The glory boy of the Magellan Billet and Stephanie Nelle, its director. He’d heard the tales of commendations Malone refused, and how he could do little to no wrong. Ex-navy commander. Lawyer. Pilot. You name it, Malone could do it.

 

He’d even made a convincing witness against him.

 

And the admin board—empowered apparently to second-guess people in the field—heard the testimony of Malone and three others, then ruled that he had indeed acted recklessly.

 

He was summarily fired with a loss of all benefits.

 

Chris Combs had been his immediate supervisor. An assistant director soon to be, as Combs had privately boasted, a director. To be sure, Wyatt had verified that Combs was definitely next in line for promotion. He’d worked under Combs for five years, his own successes surely helping to fuel the other’s rise. Combs had repeatedly expressed his gratitude and told him that he’d need an assistant director.

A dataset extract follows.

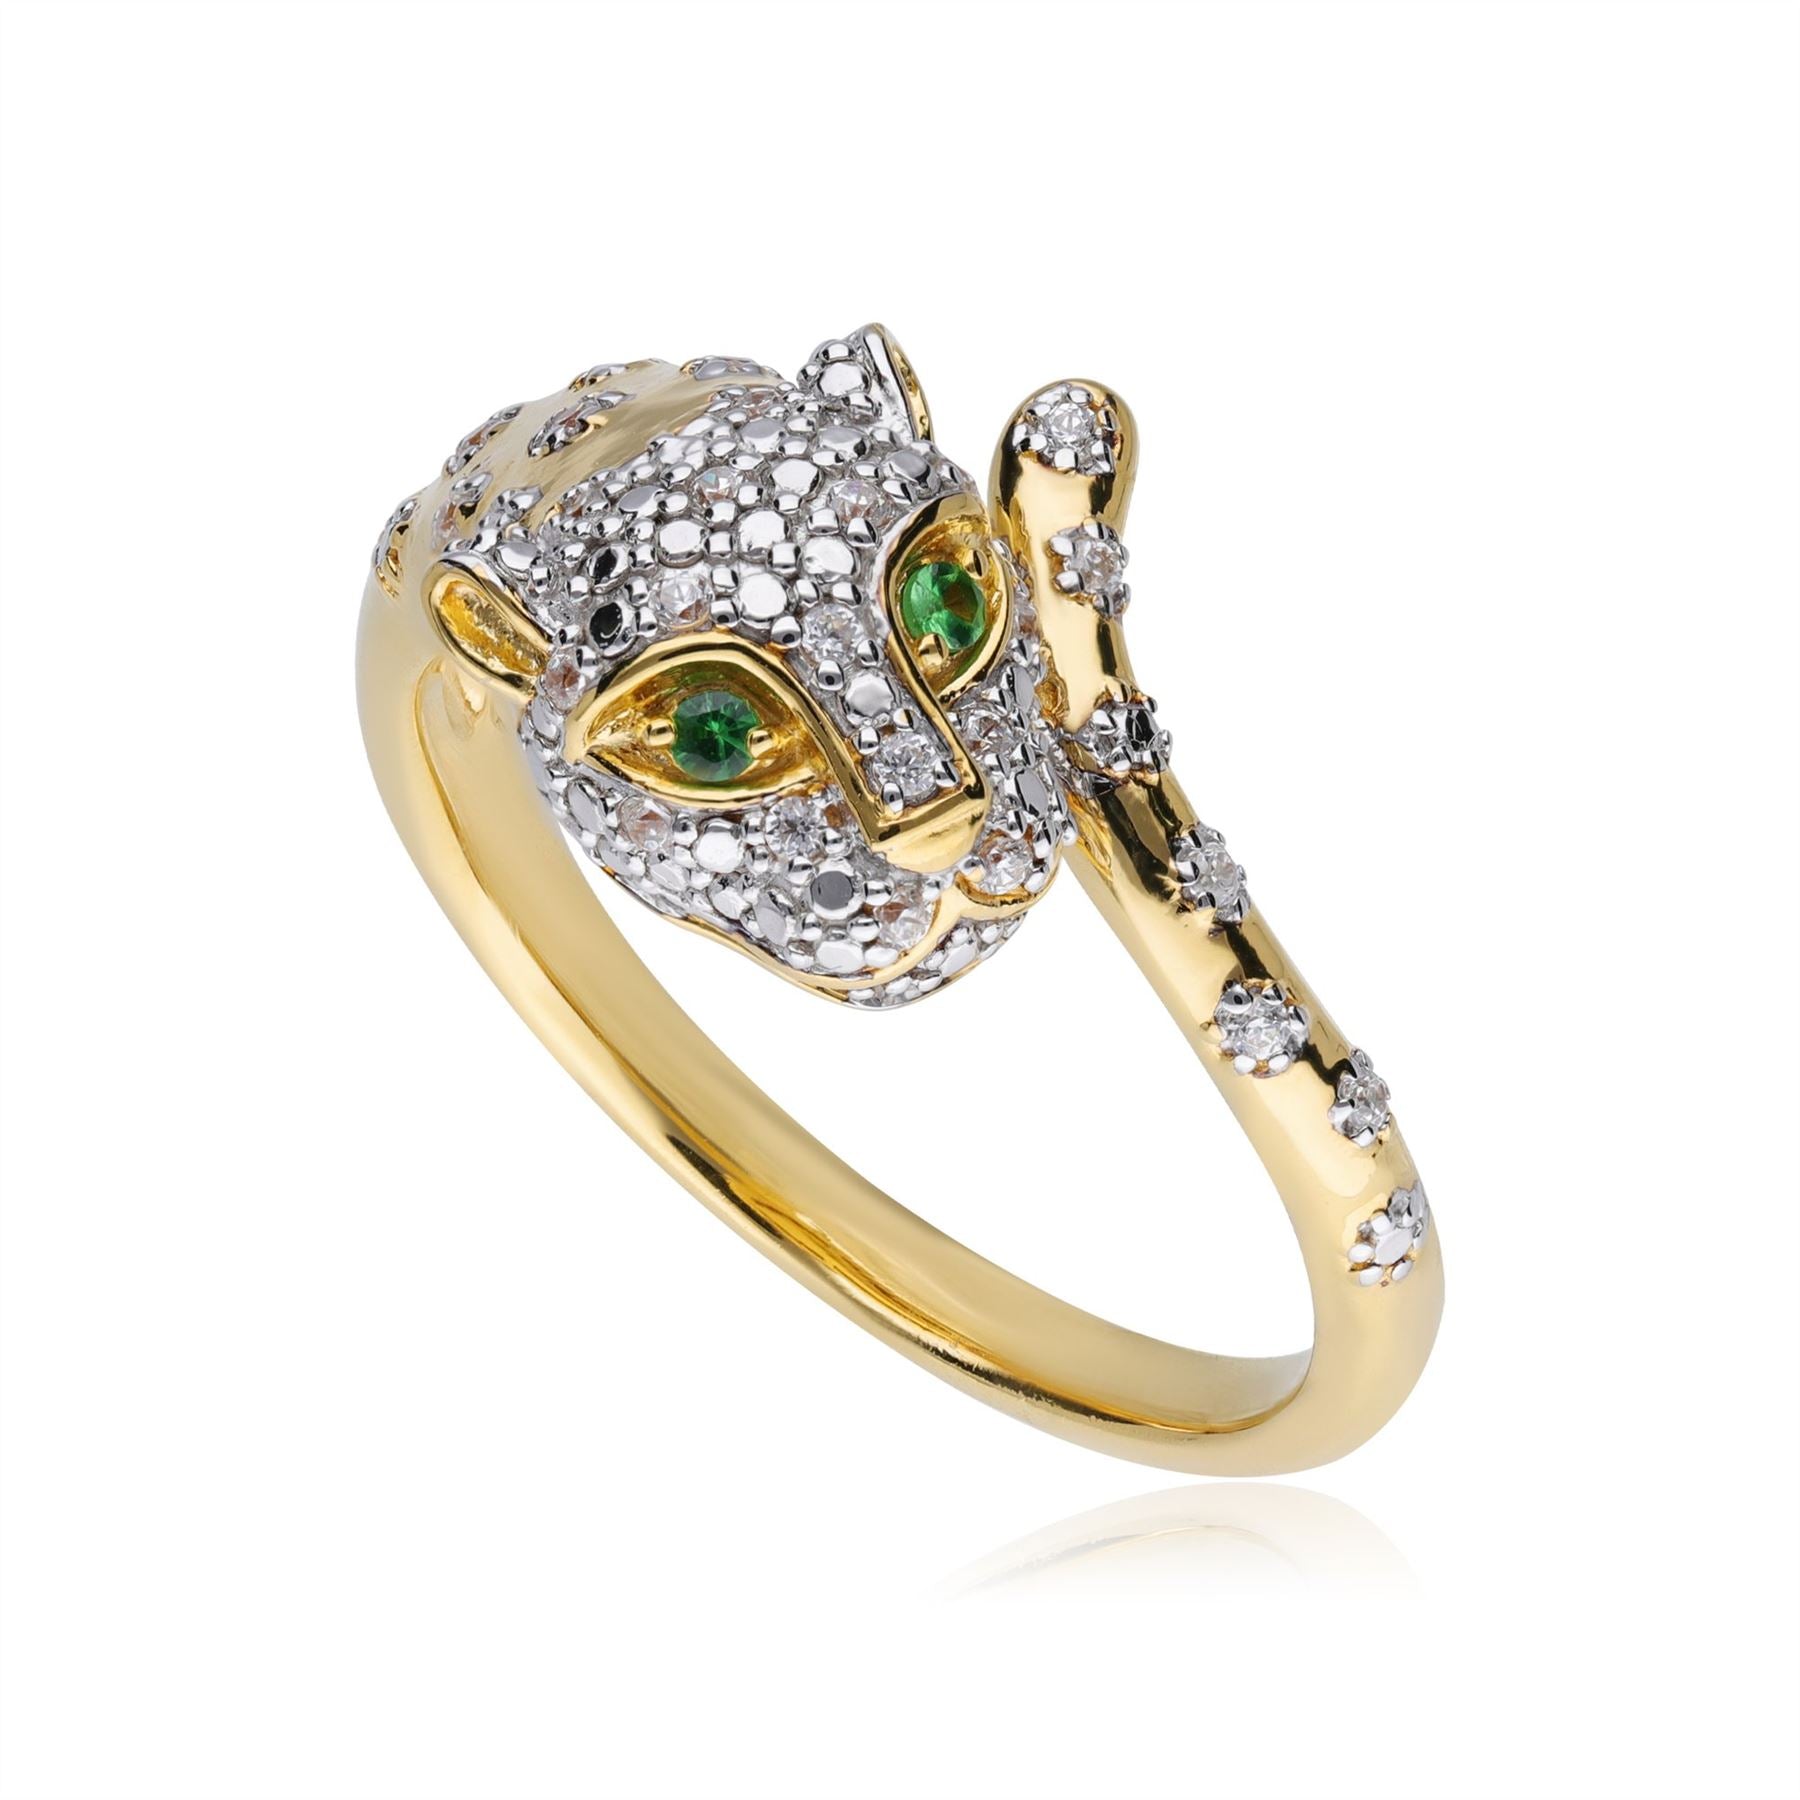 ECFEW™ "The Unifier" Anello ghepardo con tsavorite e diamanti in oro giallo da 9 ct

Twenty years of experience certainly qualified Wyatt. Moving up had always been in the back of his mind.

 

So the message had been clear.

 

We rise together.

 

But at the admin hearing, instead of backing him up, Combs sold him out, testifying that, in his opinion, a finding of recklessness was warranted.

 

Combs garnered his directorship.

 

Wyatt had been pink-slipped, spending the past eight years working contract jobs for various intelligence agencies in need of his experience but not his liability. They paid great, but were no substitute.

 

He wanted his career back. But that was gone.

 

Revenge?

 

Seemed that was all he had left.

 

And he’d been patient. Watching Combs. Waiting for the right moment.

 

Like now.

 

Combs had taken two weeks’ leave and flown alone to Chile. Doing something outside the agency.

 

What exactly? He actually wanted to know.

 

So while Combs enjoyed himself at the Ritz-Carlton, and before he killed the bastard, he decided to find out.

 

 

 

He slowed the rental car as he drove into Turingia. The tiny Chilean hamlet’s claim to fame was a popular thermal spring. Placards announced that asthma, bronchitis, digestive disorders, even dry skin could be cured—all of course for a price.

 

He navigated around a busy central plaza.

 

An ocher-colored church rose at one end, flanked by an arcade of shops, the quaintness stained only by gangly electric-wire poles. A residential section, west of town, looked more like the English countryside with timbered houses, angled roofs, and flowery trees. He knew about the old woman because a few days ago he’d followed Combs to her house. She lived amid a stand of tall araucaria, their puffy pine boughs stretching toward the sky. The house was a two-story structure longing for paint, its gabled tin roof thick with rust. Two horses grazed within an enclosure. He eased the car down a bumpy lane and parked near a fence trellised with morning glories.

 

The front door was answered by a birdlike woman with burnished gray-gold hair. Forked veins lined her spindly arms, and liver spots dotted her wrists. She appeared to be pushing seventy, but there was a spry look in her hazel eyes. When he introduced himself her eyebrows rose in apparent amusement and she threw him a smile that featured teeth like a jack-o’-lantern.

 

She invited him inside, her English laced with German. He sat on a settee upholstered in pink velveteen, while she reclined in an oversized chair draped with a flowered slipcover.

 

He learned her name was Isabel.

 

“And what is it you want?” she asked him.

 

“You had a visitor a few days ago.”

 

“Oh, yes. He was a lively one.”

 

“What did he want?”

 

She studied him with a calculating gaze, a tremor rocking her right eye. Her breaths came in low wheezes. Only the tick of a clock disturbed the tranquility.

 

“The same as you, apparently,” she said. “You seem like a lively one, too.”